When the axiom is rewritten "iteration count" number of times,
turtle goes through one final production and calls the drawing code
associated with each rule. Drawing code for a custom rule can be added
with `add-option`

macro. This macro takes two arguments:
rule name and lisp code form.

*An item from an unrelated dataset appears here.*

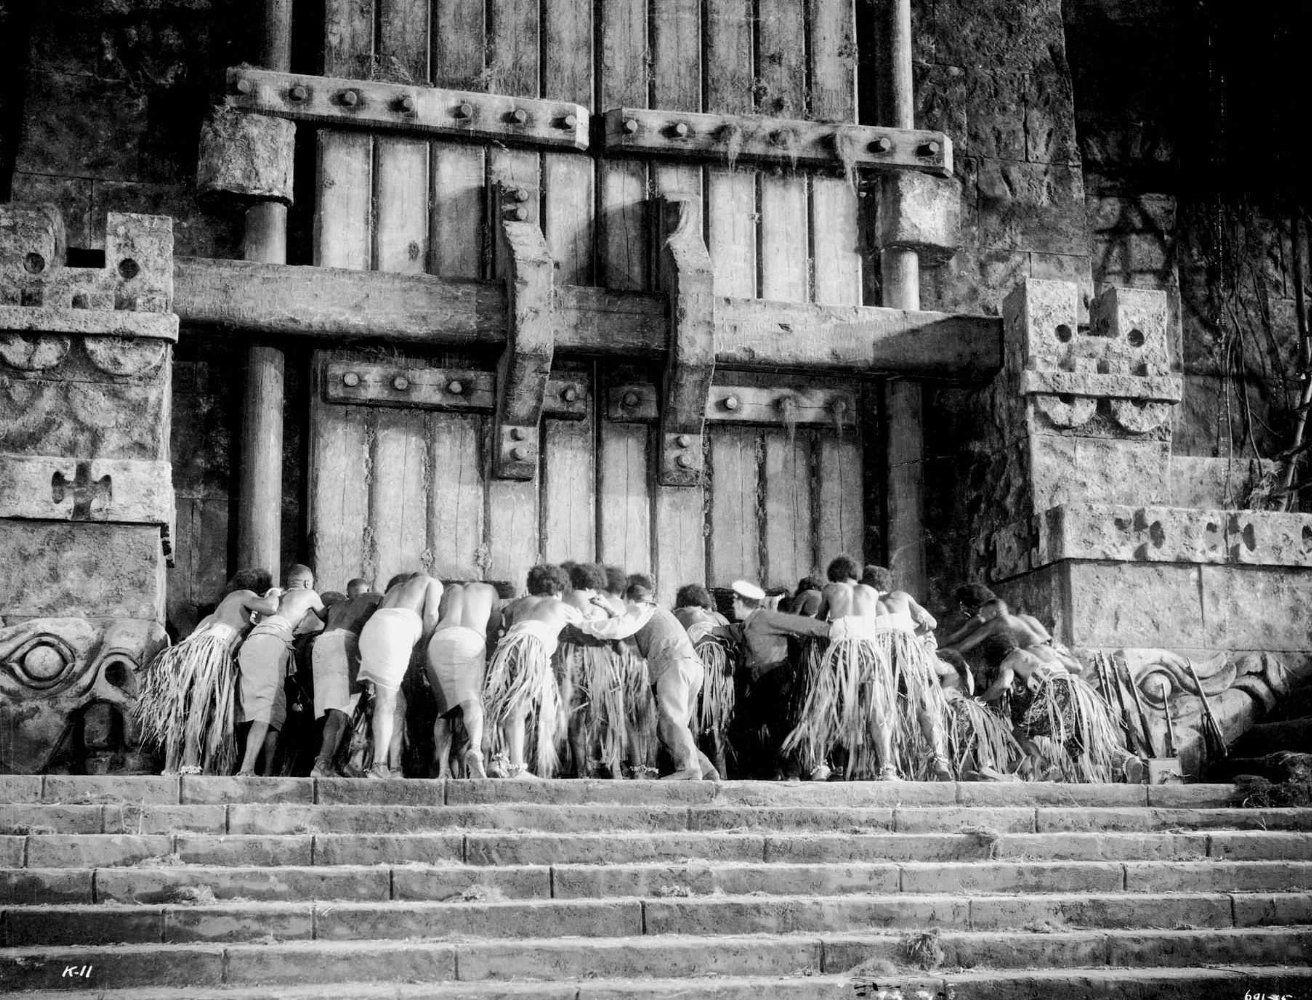 NEOSTAR :: (04) 킹콩 대 고질라 (1962),동 서양 최고 괴수를 맞붙인 세기적 괴작. |King Kong Native People
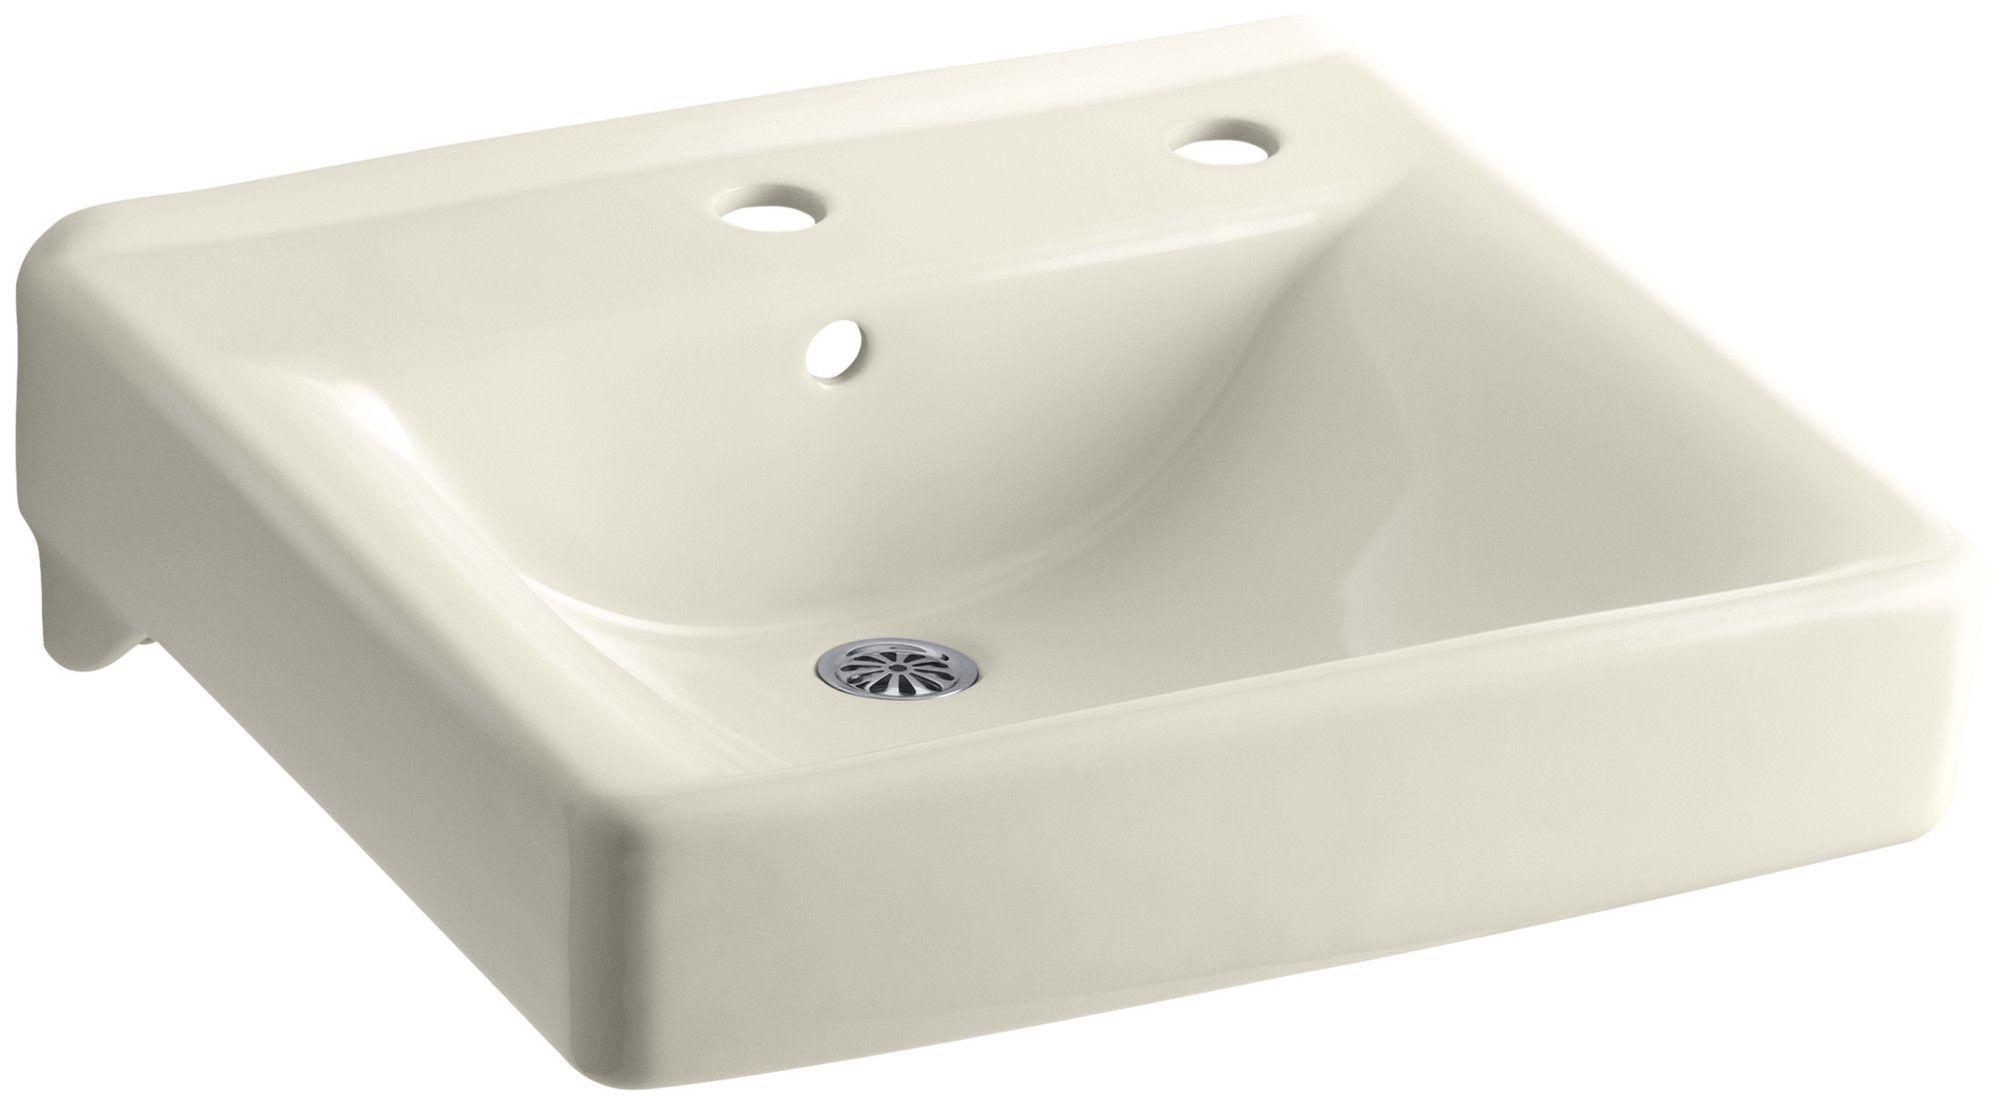 Soho Ceramic 20 Wall Mount Bathroom Sink With Overflow

For example, in the program there is a
predefined lisp function that rotates turtle around its local X axis:

(defun turtle-pitch (angle) ...)

Now, if there wasn't a predefined rule called `pitch`

,
it could be implemented by the following lines:

(add-option pitch (turtle-pitch angle)) (add-rule (pitch(angle) -> pitch(angle))

(defconstant +fibonacci+ 137.50777) (defparameter *green* (create-color 0.0 1.0 0.0)) (with-graphics (iteration-count 72) (set-background-color (create-color 0.0 0.2 0.4)) (set-axiom (radius(2) color(*green*) apex)) (add-option bend (turtle-pitch x)) (add-rule (apex -> F(8) roll(+fibonacci+) branch apex)) (add-rule (bend(x) -> bend((+ x 1.0)))) (add-rule (branch -> [ bend(18) F(30) ]))) |

Just to add some decorations to make examples look more consistent with the ones in previous chapters.

(defconstant +fibonacci+ 137.50777) (defparameter *green* (create-color 0.0 1.0 0.0)) (with-graphics (iteration-count 72) (set-background-color (create-color 0.0 0.2 0.4)) (set-axiom (radius(2) color(*green*) apex)) (add-option bend (turtle-pitch x)) (add-rule (apex -> F(8) roll(+fibonacci+) branch apex)) (add-rule (bend(x) -> bend((+ x 1.0)))) (add-rule (branch -> [ bend(18) organ ])) (add-rule (organ -> F(30) obj("blossom" 7.0))) (read-wavefront "blossom.obj" "blossom.png")) |

This example adds some blossoms at the end of branches.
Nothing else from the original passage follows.